Recorded information »
=-=-=

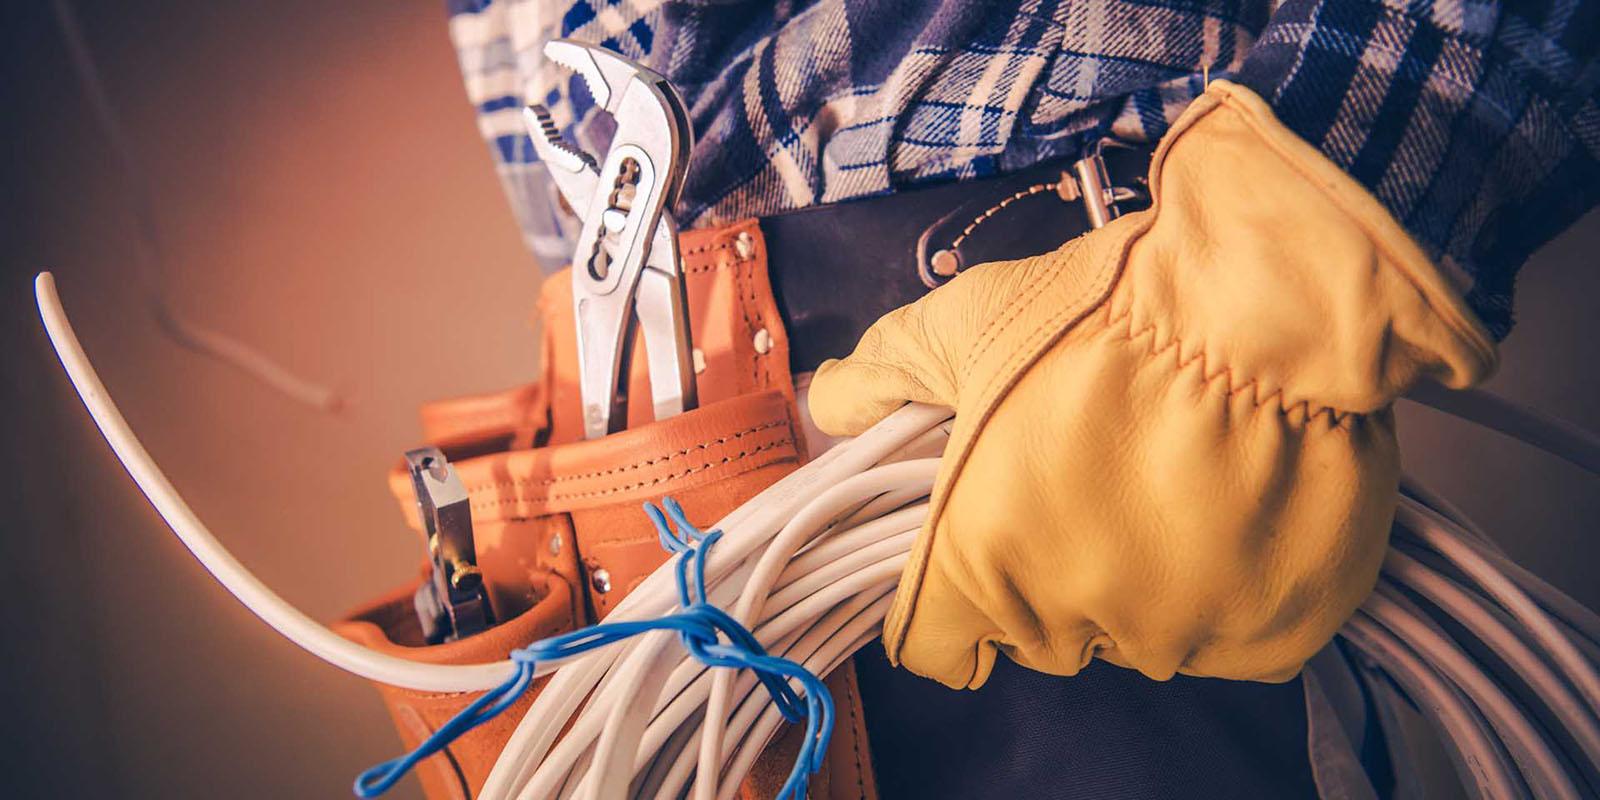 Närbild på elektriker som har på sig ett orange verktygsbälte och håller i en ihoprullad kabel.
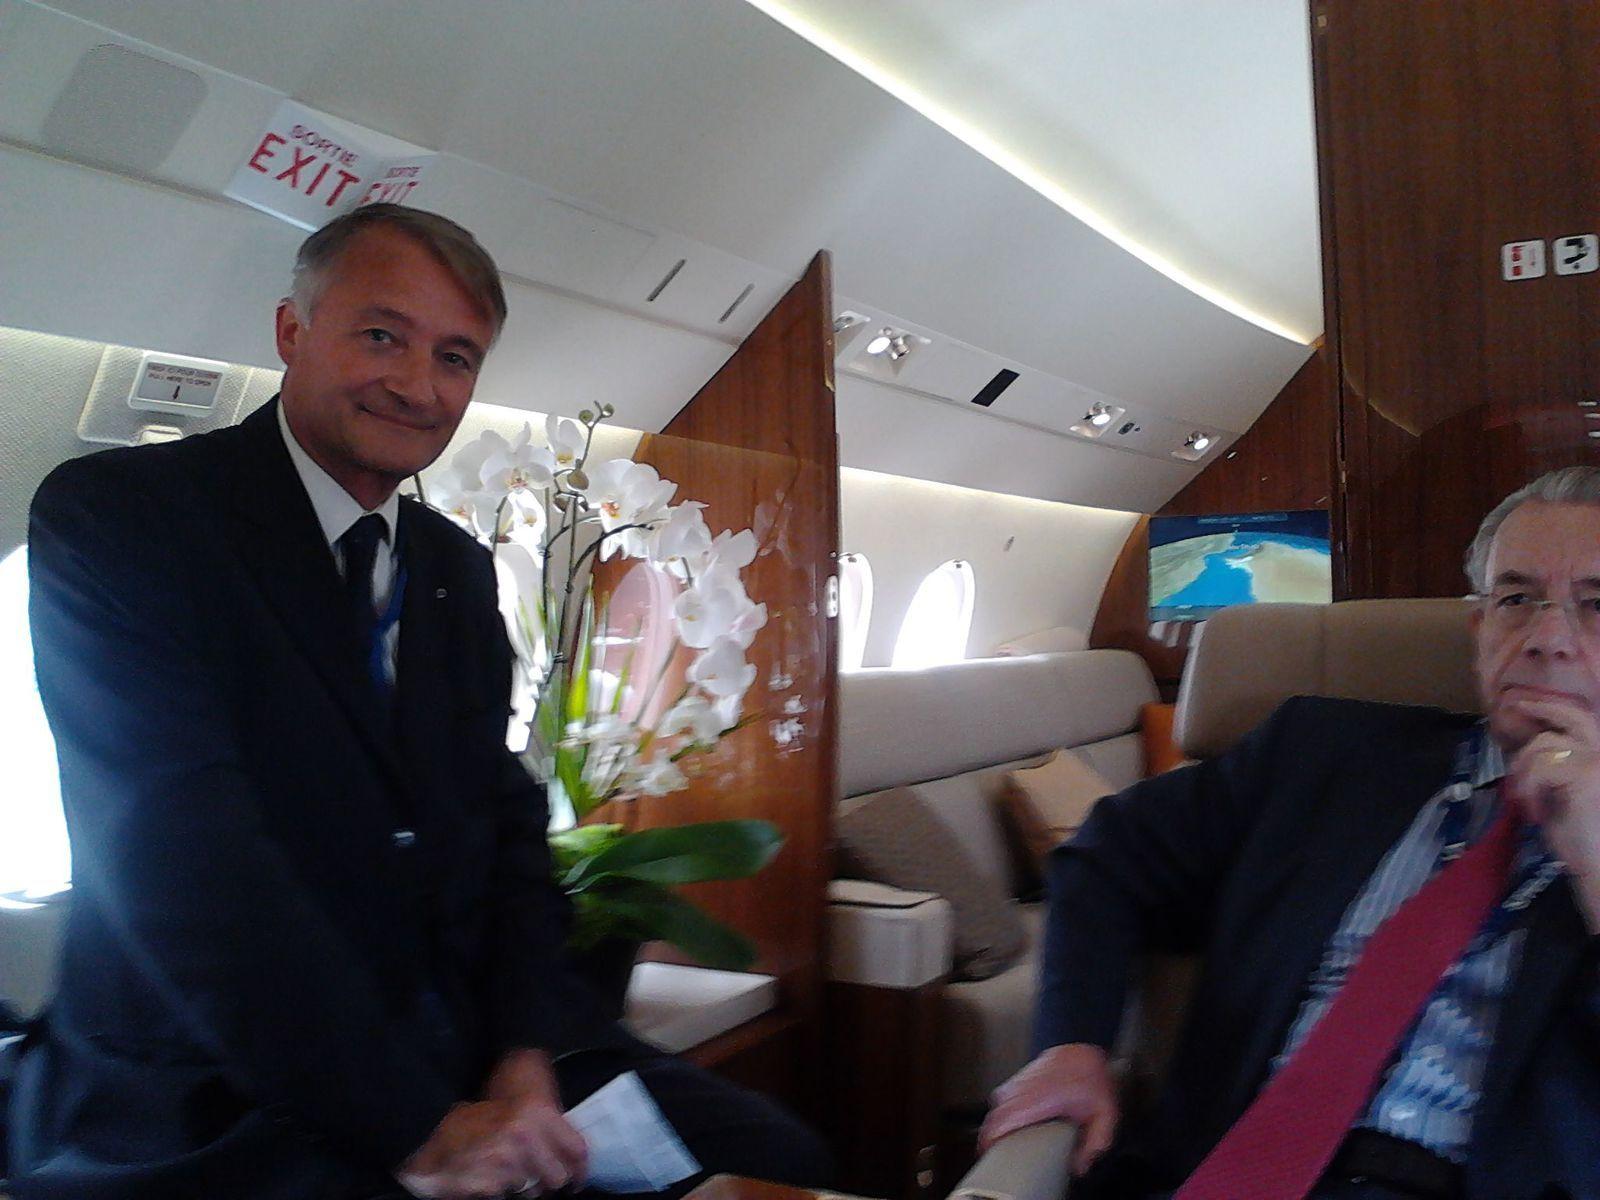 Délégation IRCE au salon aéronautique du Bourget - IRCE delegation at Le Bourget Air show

=-=-=

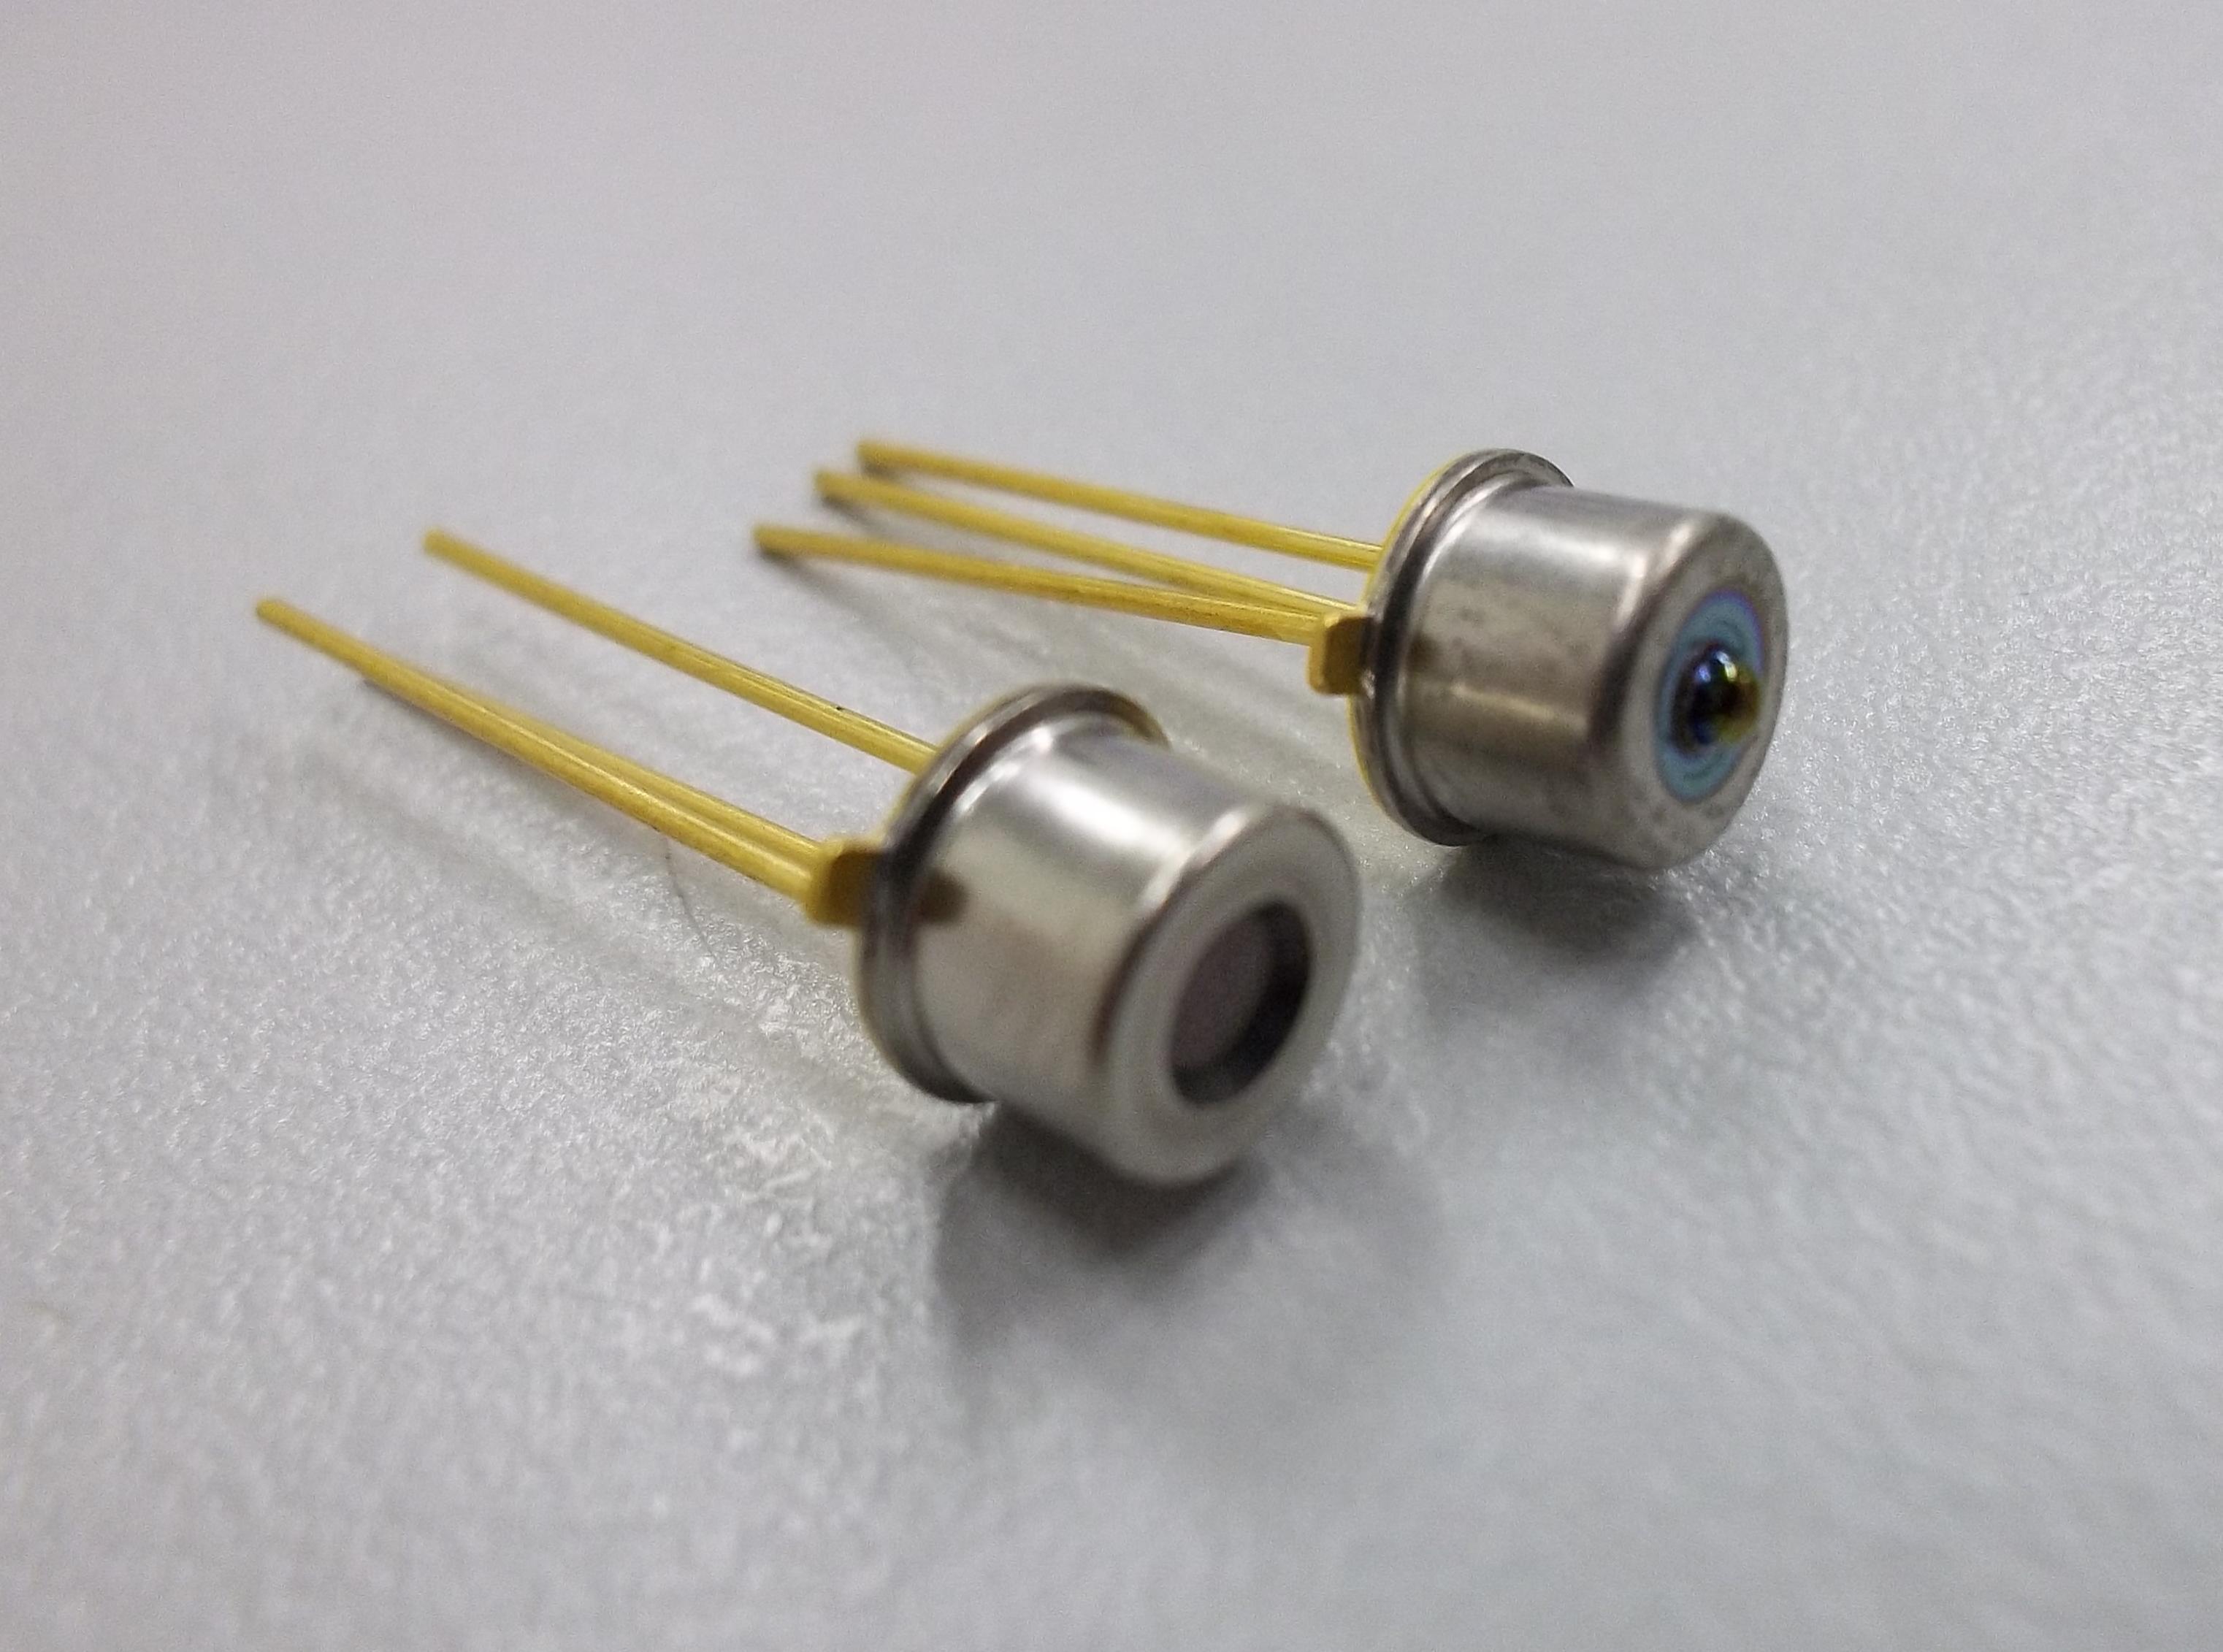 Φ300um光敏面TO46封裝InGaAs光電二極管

=-=-=

Task objective » For this exercise, set down the lines in the entries above from the one with "Närbild på elektriker" through the one with "Délégation IRCE au" exactly as written, without any pictures.

Answer to the exercise »
 Närbild på elektriker som har på sig ett orange verktygsbälte och håller i en ihoprullad kabel.
 Délégation IRCE au salon aéronautique du Bourget - IRCE delegation at Le Bourget Air show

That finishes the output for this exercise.